GA's lack of fitness for pattern recognition is beyond my recollection.
What makes you say this? I can only see that being the case when your patterns are constructed with nonlinearities (ie, xor).Quote from Indrionas:
Evolutionary algorithms are not suitable for this kind of problem. They rely on a fitness function. In order for an evolutionary algorithm (such as GA) to work productively, the fitness function must be monotonic. This is not the case with searching for exact patterns. A simple example:
Pattern ABCDE is significant. Meanwhile patterns ABCD, BCDE, DEF, ABDE, BDEFG are insignificant, therefore their fitness function values will be low and they won't be picked as parents to produce a new generation of patterns, even though they would have been good candidates.
Quote from Indrionas:
Evolutionary algorithms are not suitable for this kind of problem. They rely on a fitness function. In order for an evolutionary algorithm (such as GA) to work productively, the fitness function must be monotonic. This is not the case with searching for exact patterns. A simple example:
Pattern ABCDE is significant.

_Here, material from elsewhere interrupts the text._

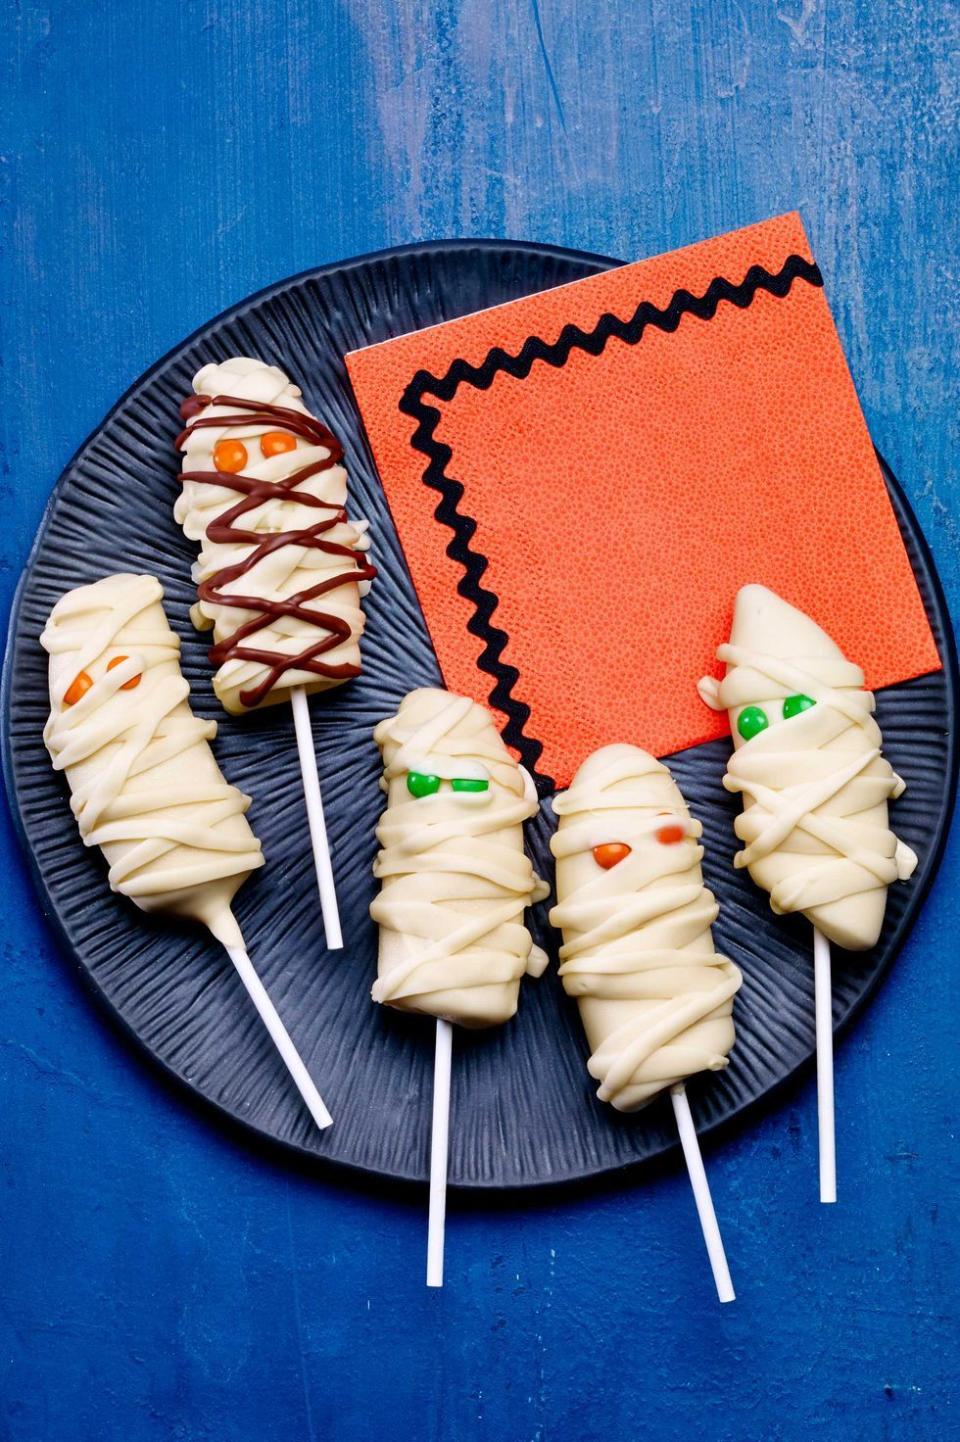 60 Easy Halloween Desserts That Are So Good You'll Be Scared

Meanwhile patterns ABCD, BCDE, DEF, ABDE, BDEFG are insignificant, therefore their fitness function values will be low and they won't be picked as parents to produce a new generation of patterns, even though they would have been good candidates.
The problem is not constrained to evolutionary algorithms (and generally there is no requirement on the fitness function being a monotone function).
I think all optimization/classification algorithms require some structural information to guide the search. Traditional algorithms often use the gradient (e.g. in back-propagation training of neural networks).
Very simplified, genetic algorithms relies on some similarity (using some measure) between strings corresponding to good solutions. All that is required is a fitness function that can tell whether a solution is better than another. But, and I guess this is what you refer to, in order for the search to be efficient the fitness functions must be able to order the different solutions. In a âsparseâ solution space, e.g. where only a few solutions have a non zero fitness values, the search can degenerate to a (slow) random search.
You could argue that if there is no structure present then random search is the best method.
What method to use depends on how you know about the underlying structure and in academic examples, like this one, how much of this knowledge you are allowed to use when creating the search algorithm. I can definitely see GA/GP being used to solve this kind of problem provided that there are enough examples to explain the underlying generating algorithm. Whether this is the most efficient method is different question (probably not).
Quote from HowardCohodas:
It's been a while since I was intimate with this field so my memory could be faulty. However, I don't believe the fitness function had to be monotonic with proper gene pool management.
GA's lack of fitness for pattern recognition is beyond my recollection.
Why don't you read his post carefully before pulling the trigger? He said for the GA's to work productively the FF must be monotic. It doesn't have to be.